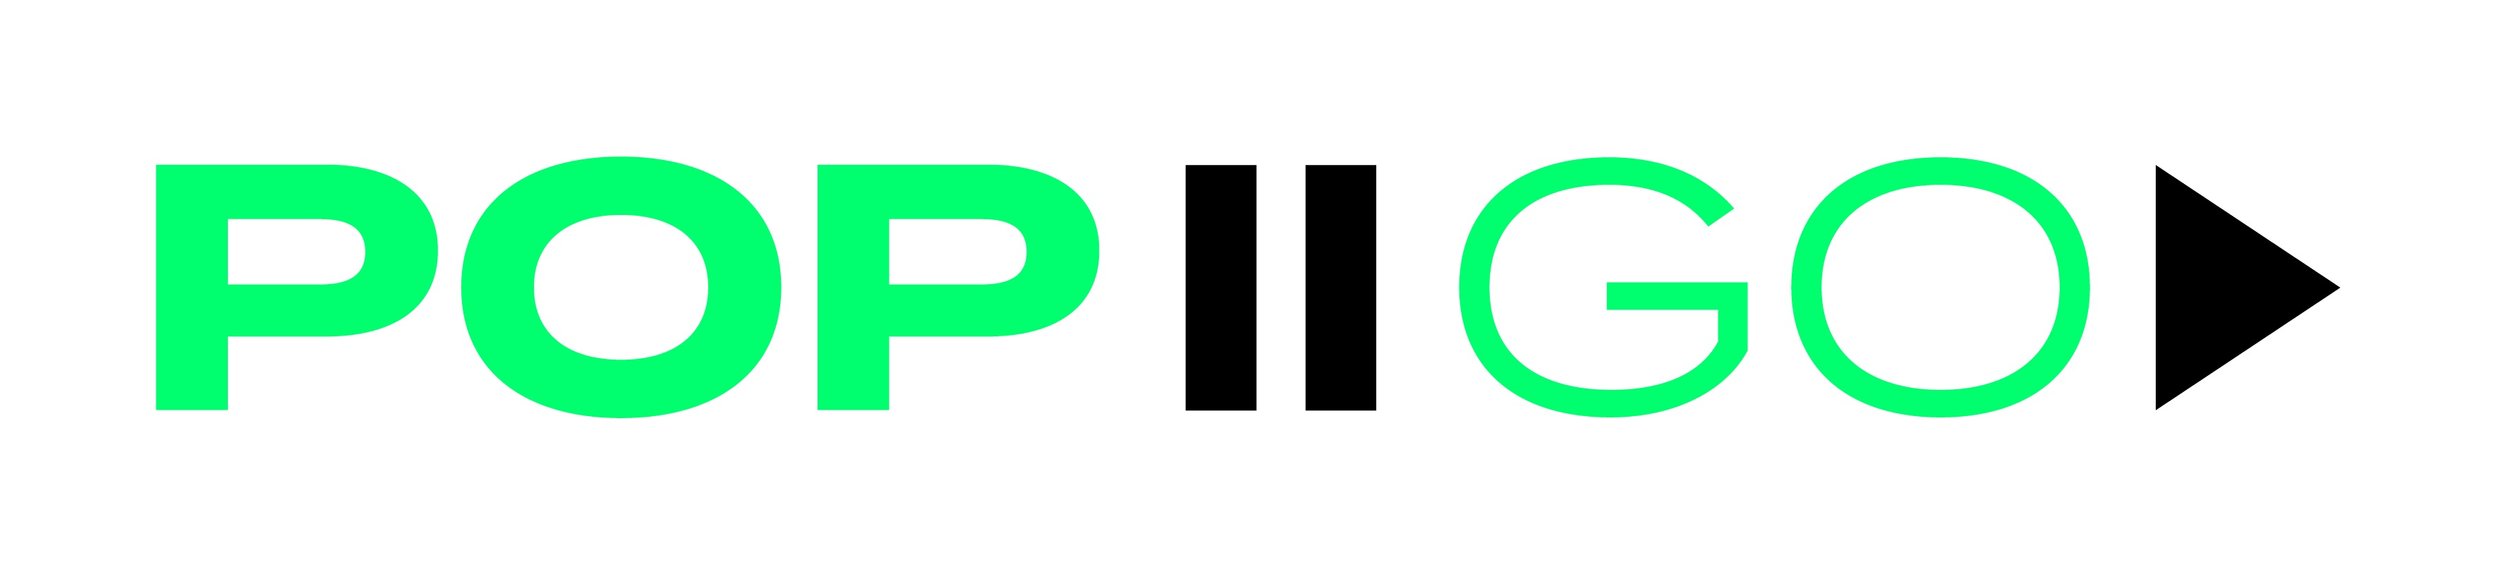 PopToGo_Logo.jpg
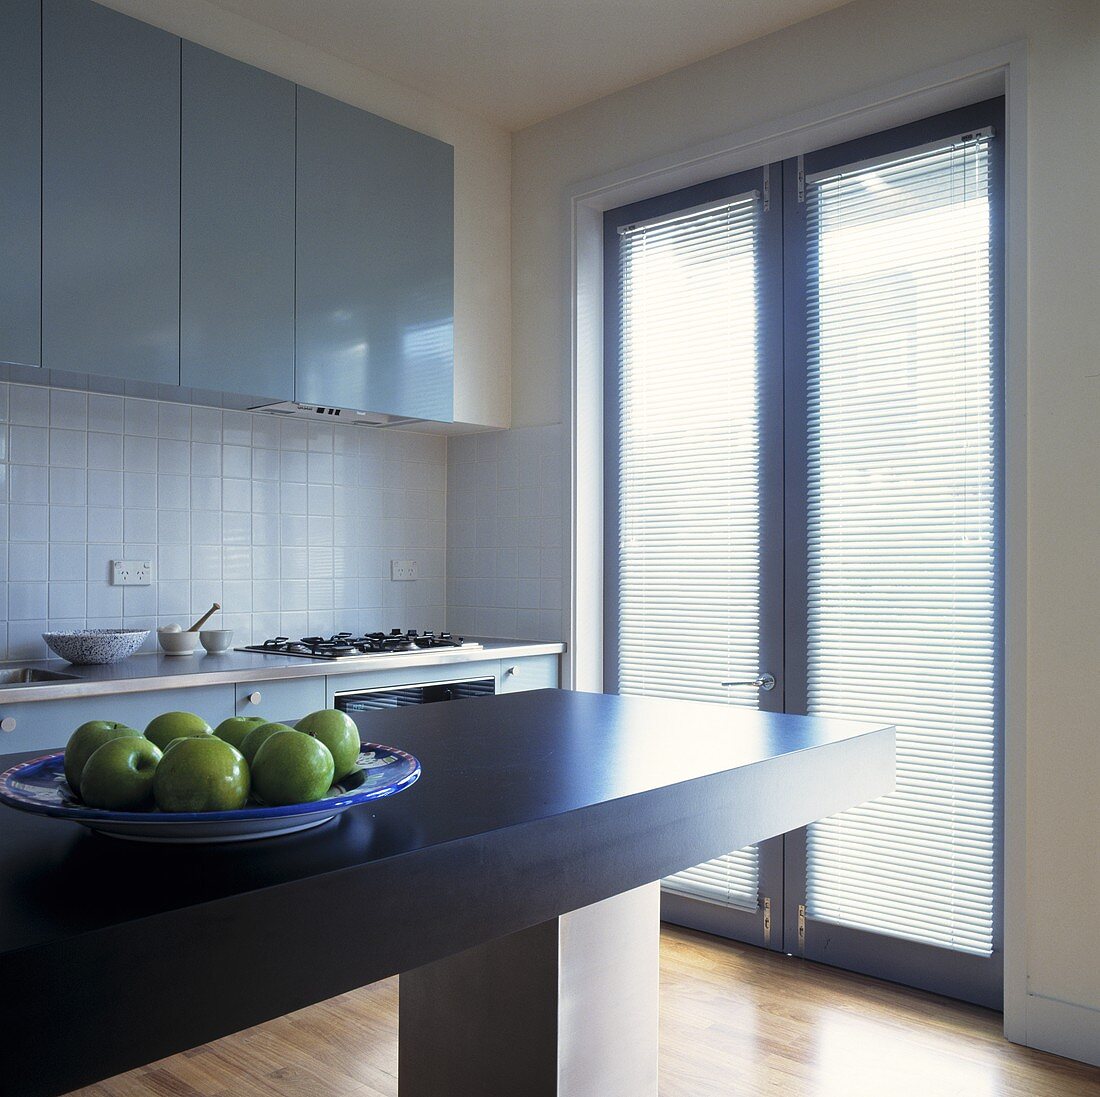 Ein Teller mit Äpfeln steht auf einer grauen freistehenden Arbeitsplatte in einer hellgrauen Küche mit einem Flügelfenster, das zu einer Terrasse führen und an dem Jalousien angebracht sind
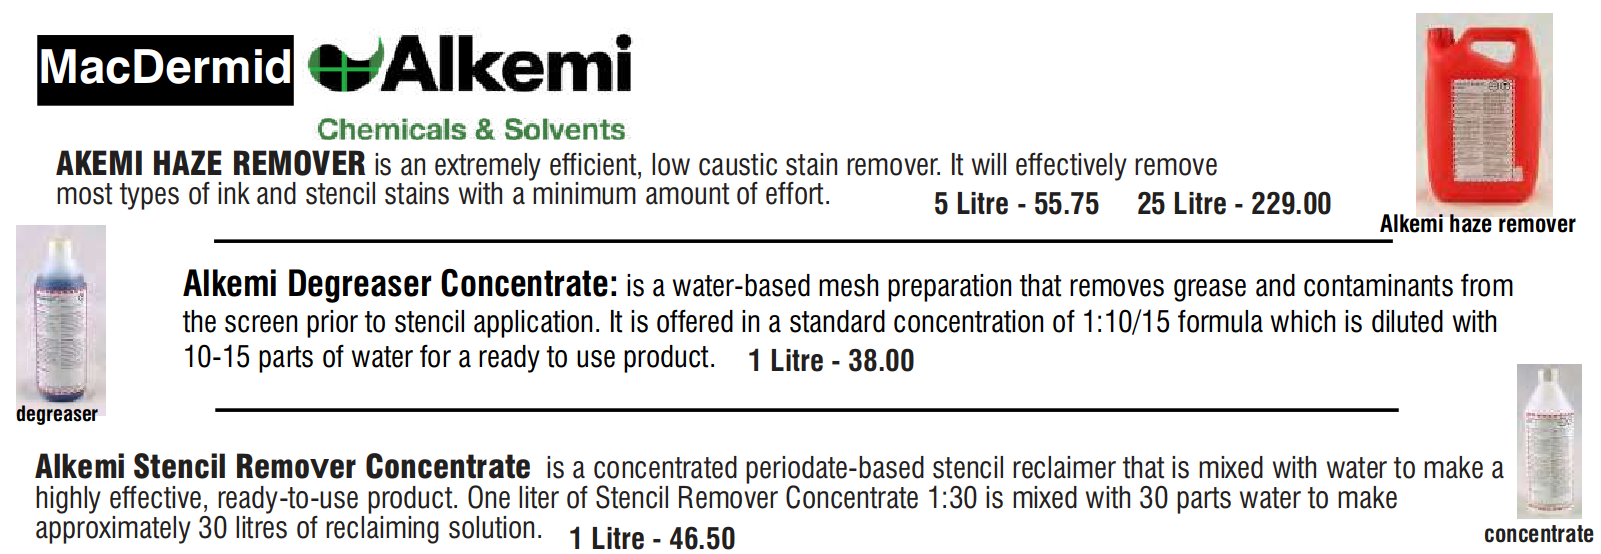 Alkemi prices 1 1 - Screen Emulsion and Stencil Removers

▸ ACTIVITY
Emit the lines of the data above from the one containing "Ein Teller mit" through its final line, both endpoints included. Pictures do not belong in the output.

▸ TASK RESULT
 Ein Teller mit Äpfeln steht auf einer grauen freistehenden Arbeitsplatte in einer hellgrauen Küche mit einem Flügelfenster, das zu einer Terrasse führen und an dem Jalousien angebracht sind
 Alkemi prices 1 1 - Screen Emulsion and Stencil Removers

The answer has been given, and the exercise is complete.